Researchers wonder if vegetation adds to pollution
Ronald Reagan had them rolling in the forests last year when he fingered trees as a chief culprit in the natin's air pollution battle. In one of his most widely reported -- and widely ridiculed -- campaign statements, Mr. Reagan proclaimed that "growing and decaying vegetation in this land are responsible for 93 percent of the oxides of nitrogen," expanding on an earlier statement in which he implied that trees were a major source of air pollution.
"Simplified," "naive," and "Neanderthal," responded the scientific community.
But also close to home. In exaggerated and misleading terms, say scientists, Reagan touched on a question that has long concerned many researchers, and which has become a highly politicized topic in the ongoing debate over how strictly man-made polluters should be regulated:
Do plants play a part in making air pollution?
No one knows for sure, but lots of people would like to find out. The way industry sees it, if vegetation does contribute to pollution, then the government's focus on controlling man-made polluters like cars and factories coudl be placing an unfair burden on business. The way air quality regulators see it, such proof would mean cracking down even harder on man-made polluters, because there's no way to slap an emission control device on Mother Nature. And the way scientists see it, well, they just want to know.m
"What pollutants have I no control over? That's critically important in terms of complying with the Clean Air Act and in drawing up state plans for compliance," says Carleton Scott, director of environmental sciences for Union Oil.
One thing scientists do know is that plants produce plenty of hydrocarbons, one of the key ingredients in the chemical reaction that produces smog. In fact , it is generally accepted that plants produce more hydrocarbons than do man-related activities -- by as much as 0.5 to 20 times more on a global basis, according to one estimate.
Other researchers respond, however, that such a comparison is completely misleading and generally has been used as a "whipping boy" in the whole man vs. plant debate. Althoughit is possible to put a plastic bag over a tree limb and measure the emissions of hydrocarbons, scientists so far have found it virtually impossible to find any traces of those same hydrocarbons in the urban air mixture. And therein lies the scientific dilemma: Where do these biogenic, or plant-produced, hydrocarbons go, and what do they do?
"It's still an open question," explains Dr. R. A. Rasmussen, a professor of air chemistry at the Oregon Graduate Center and a pioneer in this area of research in the early 1960s. "They are there, they exist. You can measure them at the source . . . . yet you go out to measure them in the atmosphere and they seem to be gone."
Many scientists agree, however, that what evidence there is seems to indicate vegetation is not a significant contributor to air pollution in urban areas. But because of the many scientific unknowns, research will continue at both the university and federal level in an attempt to better understand the effects of biogenic hydrocarbons in the atmosphere.
In addition, says Dr. Marcia Dodge, an EPA research chemist, the work has a political dimension.
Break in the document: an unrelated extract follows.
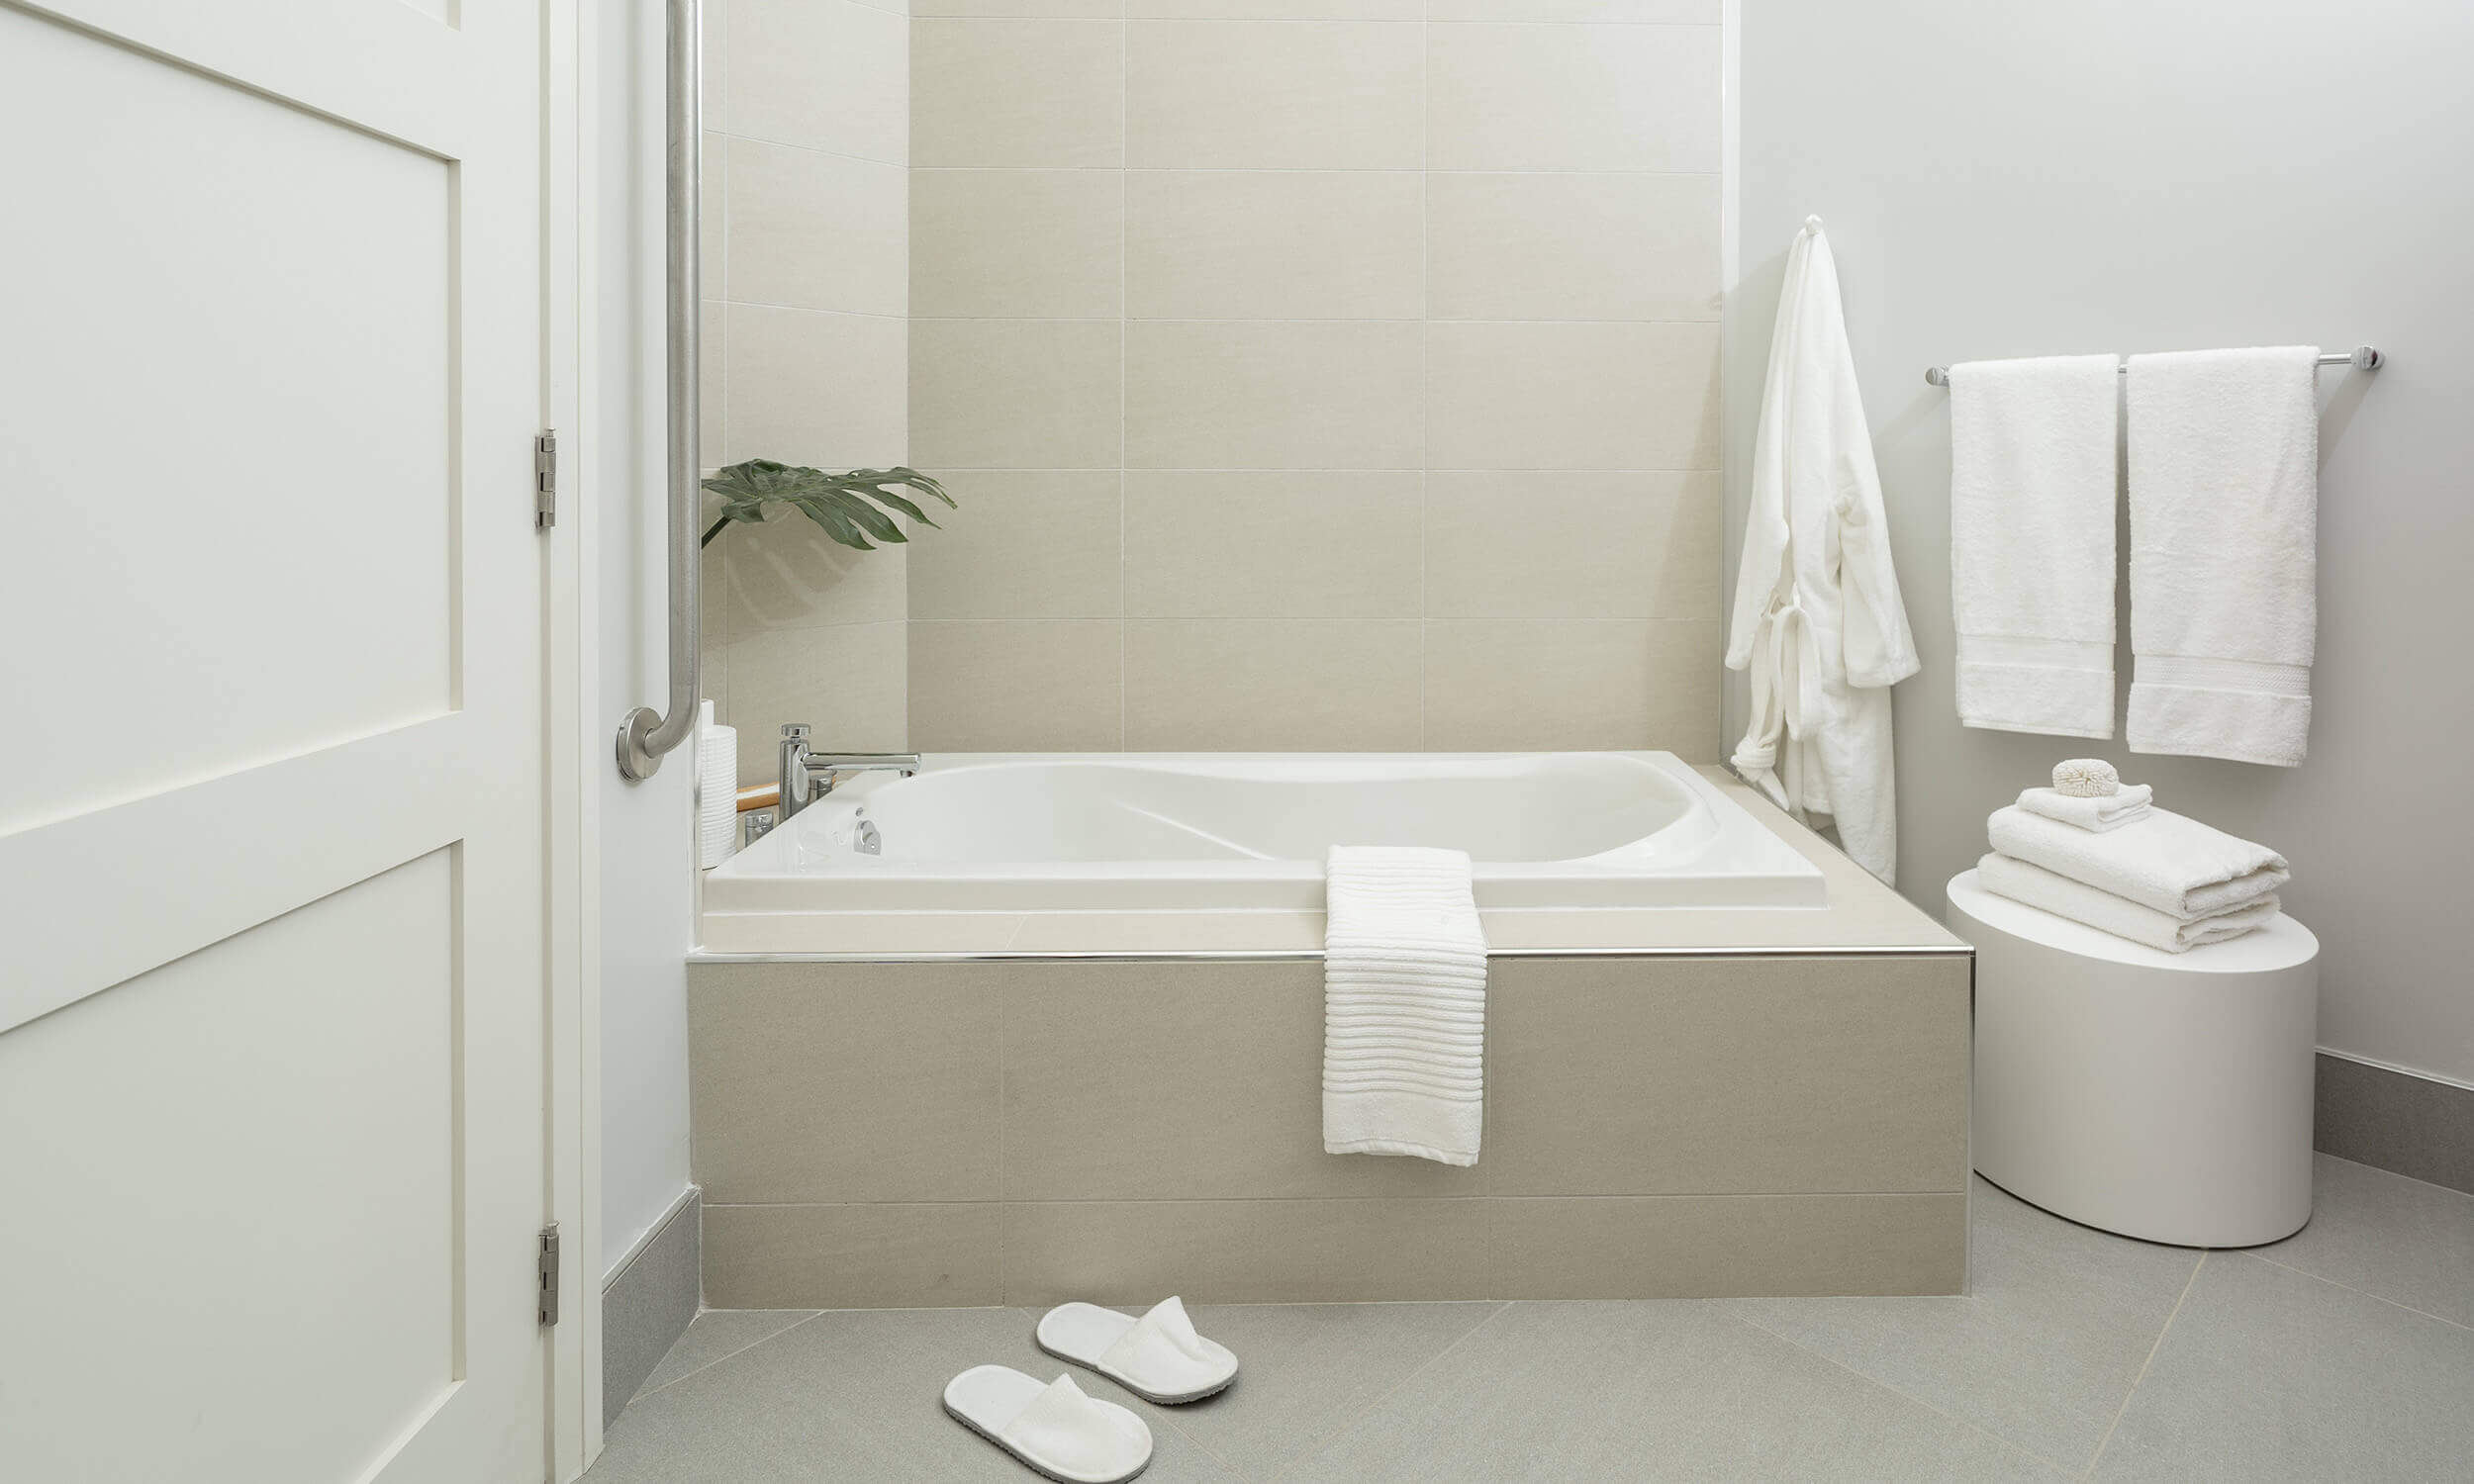 Grey-toned bathroom with jacuzzi

By searching for answers to the biogenic issue -- a search that intensified in 1978 with the publication of a controversial article alleging a connection between vegetation and ozone concentrations -- air quality controllers will protect themselves from industry charges that government unfairly imposes air quality standards when it does not know the impact of uncontrollable sources like vegetation.
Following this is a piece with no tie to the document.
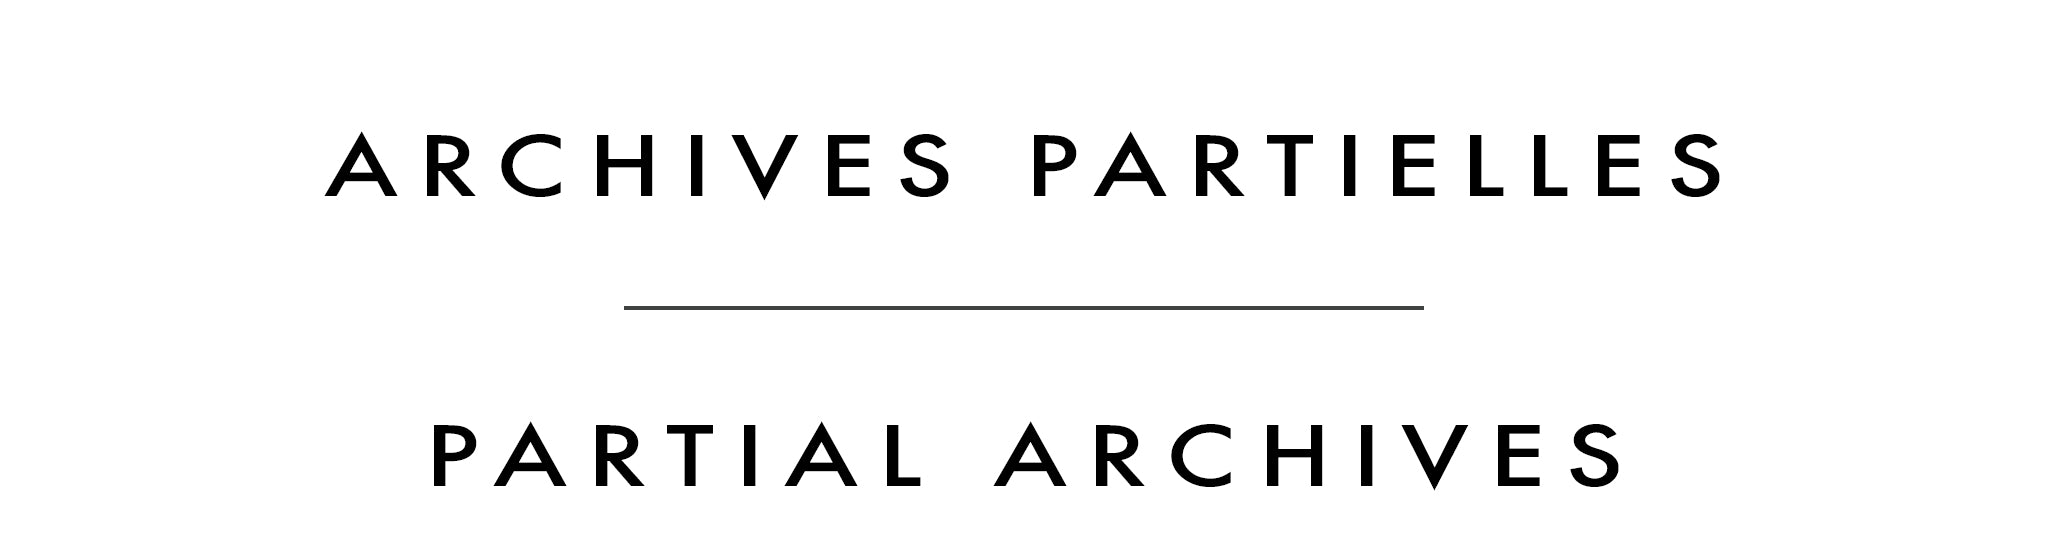 Archives partielles | Partial Archives | Madeleine Tailleur

"We can't have all the research being done by the other side," she says.
In at least one air quality basin, the San Francisco Bay Area, officials are moving to counter such industry broadsides. In the local plan now being drawn up for submission to the state as part of its EPA-required plan to control pollution, Bay Area experts are trying to calculate how much of the basin's ozone problem is caused by vegetation and how much by man-made sources.
"There's nothing we can do about controlling biogenics," says Ron Wada, air quality program manager for the Association of Bay Area Governments. "The question for us is that we need to take into account their effect, so that we know that what we say will happen as a result of the controls we propose, will happen."
Overall, however, many scientists agree that biogenic research is only one part of the very complex problem of air pollution. And, they say, the most important way to control pollution is still by regulating mobile and stationary man-made sources.
"It's bit of a spurious issue," fumes one Los Angeles air quality official. "We have a lot of work to do before we get down to trees.
"It's hard to stand here in LA and say that trees are causing all the pollution," he continues, "not with 7 million cars and 40,000 stationary sources. It's not credible. Not even the President of the United States can get away with saying it."